__Dataset extract__:

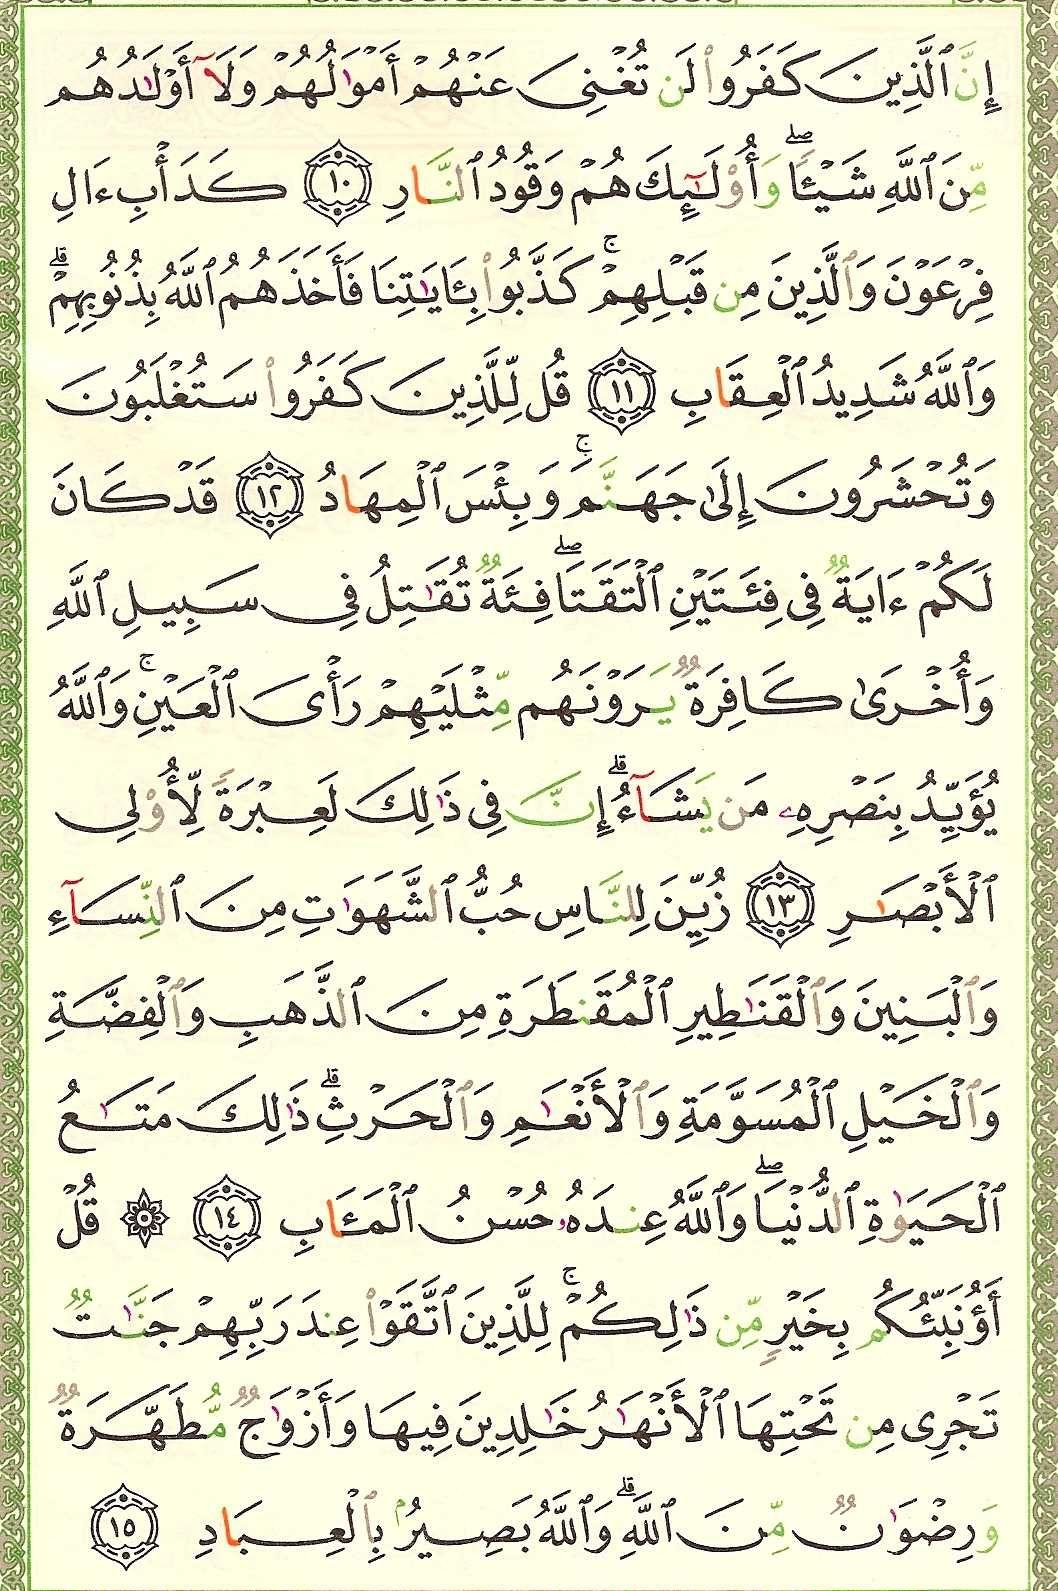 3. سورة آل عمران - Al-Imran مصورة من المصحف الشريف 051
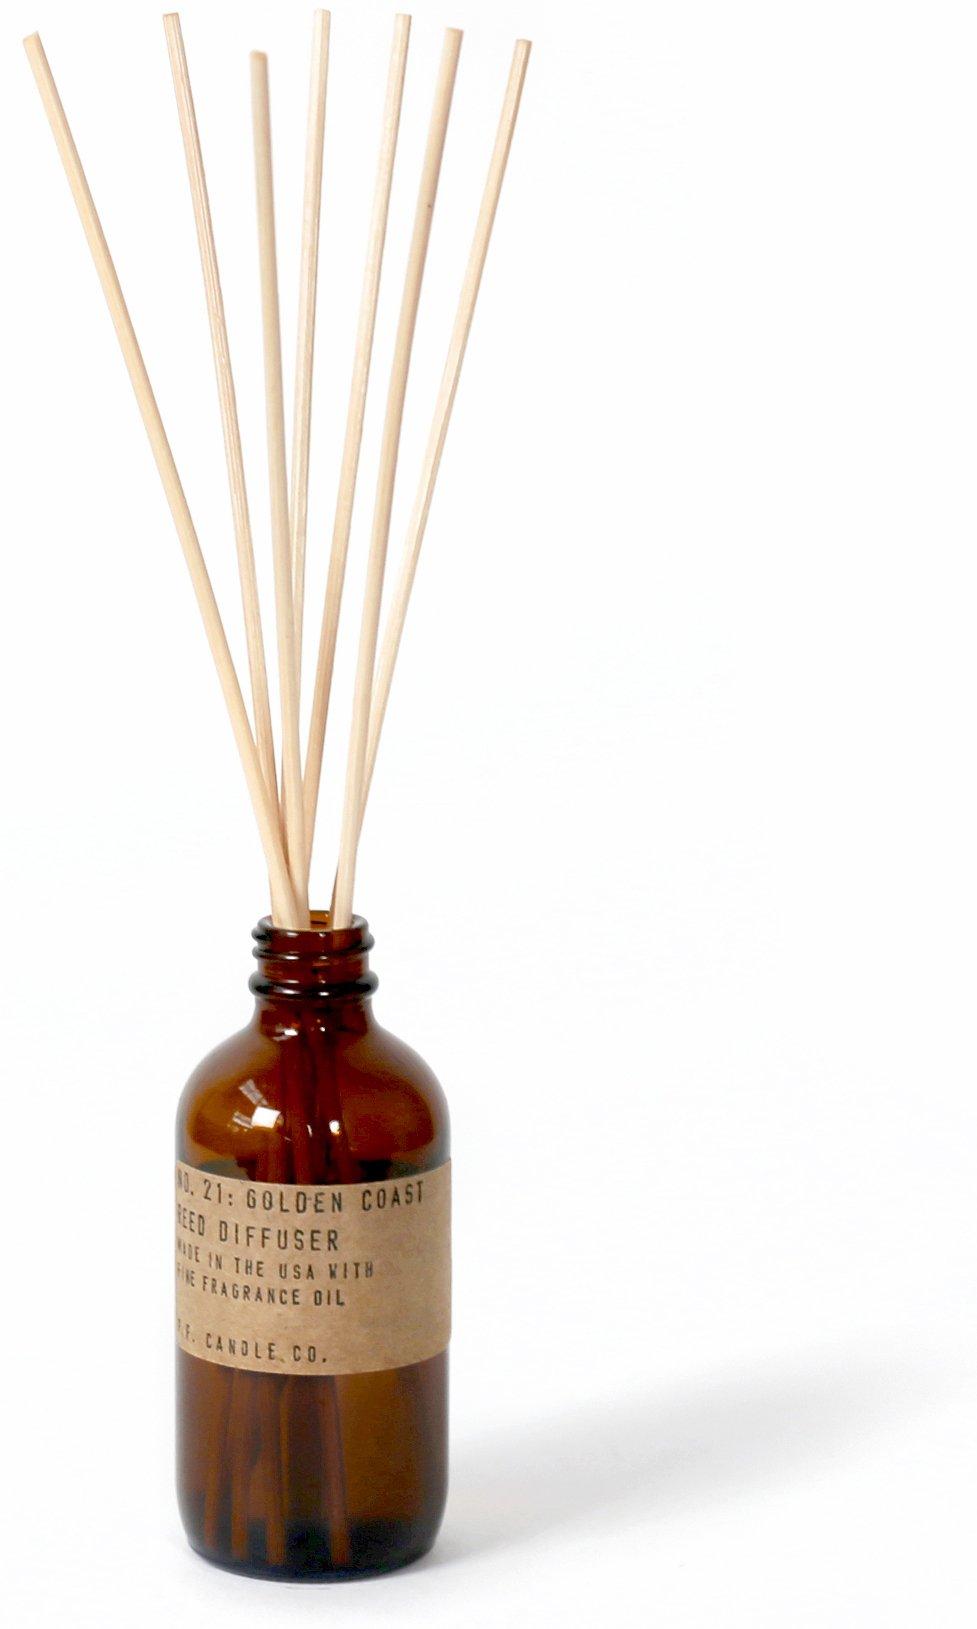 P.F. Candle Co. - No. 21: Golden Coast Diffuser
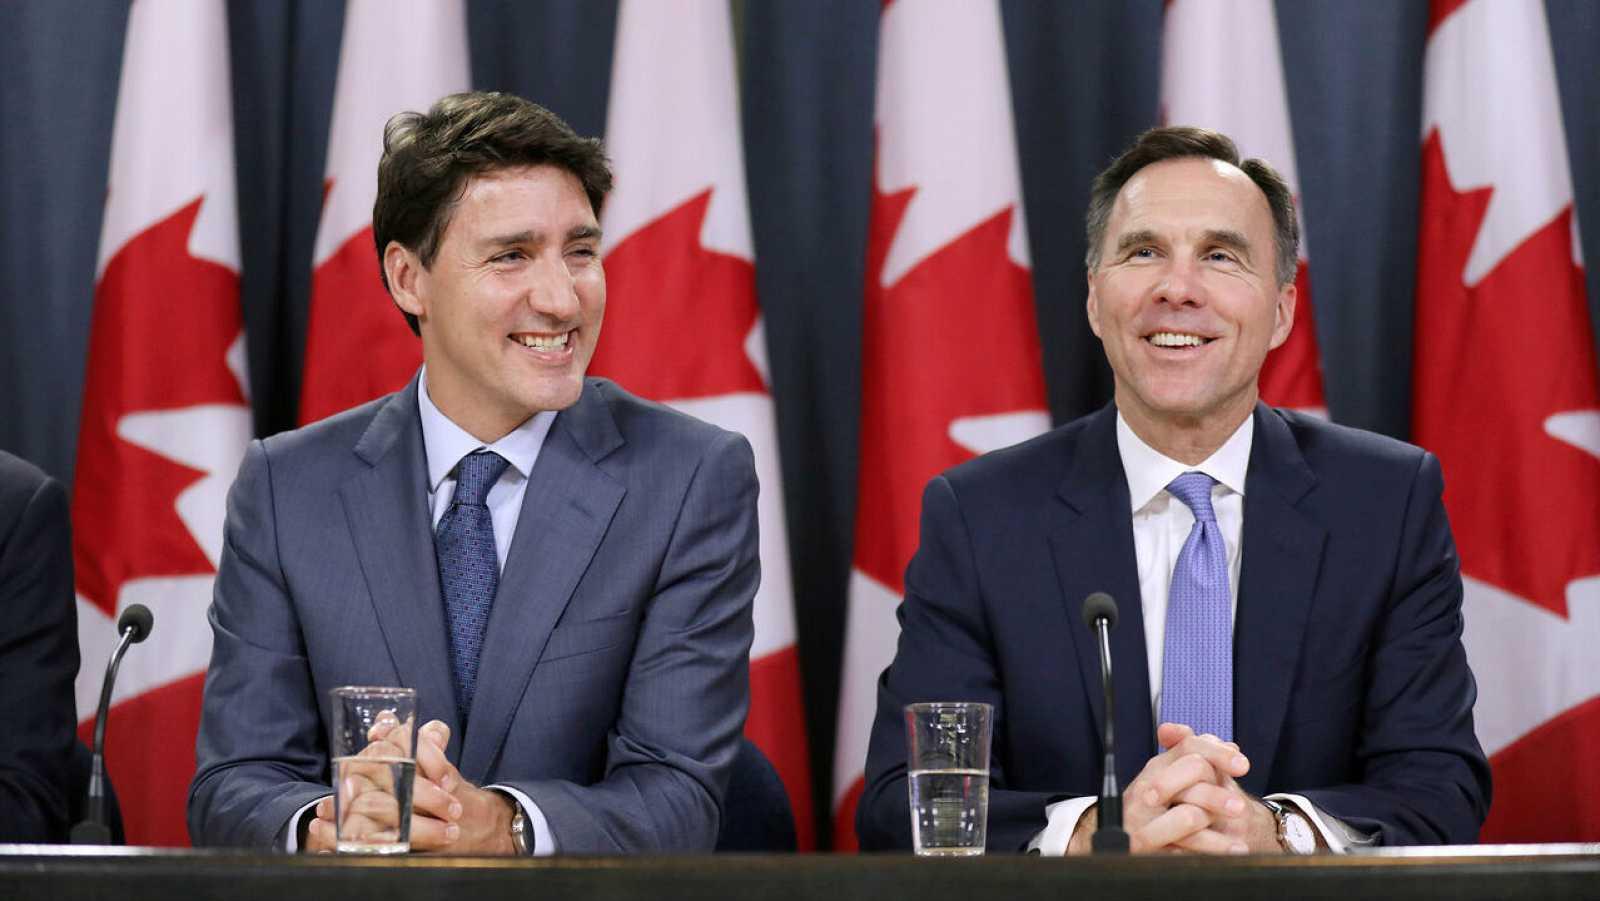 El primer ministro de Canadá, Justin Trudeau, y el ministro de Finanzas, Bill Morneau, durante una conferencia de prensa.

__Task to complete__: Restate all of the material word for word, leaving every picture out.

__Answer to this exercise__:
 3. سورة آل عمران - Al-Imran مصورة من المصحف الشريف 051
 P.F. Candle Co. - No. 21: Golden Coast Diffuser
 El primer ministro de Canadá, Justin Trudeau, y el ministro de Finanzas, Bill Morneau, durante una conferencia de prensa.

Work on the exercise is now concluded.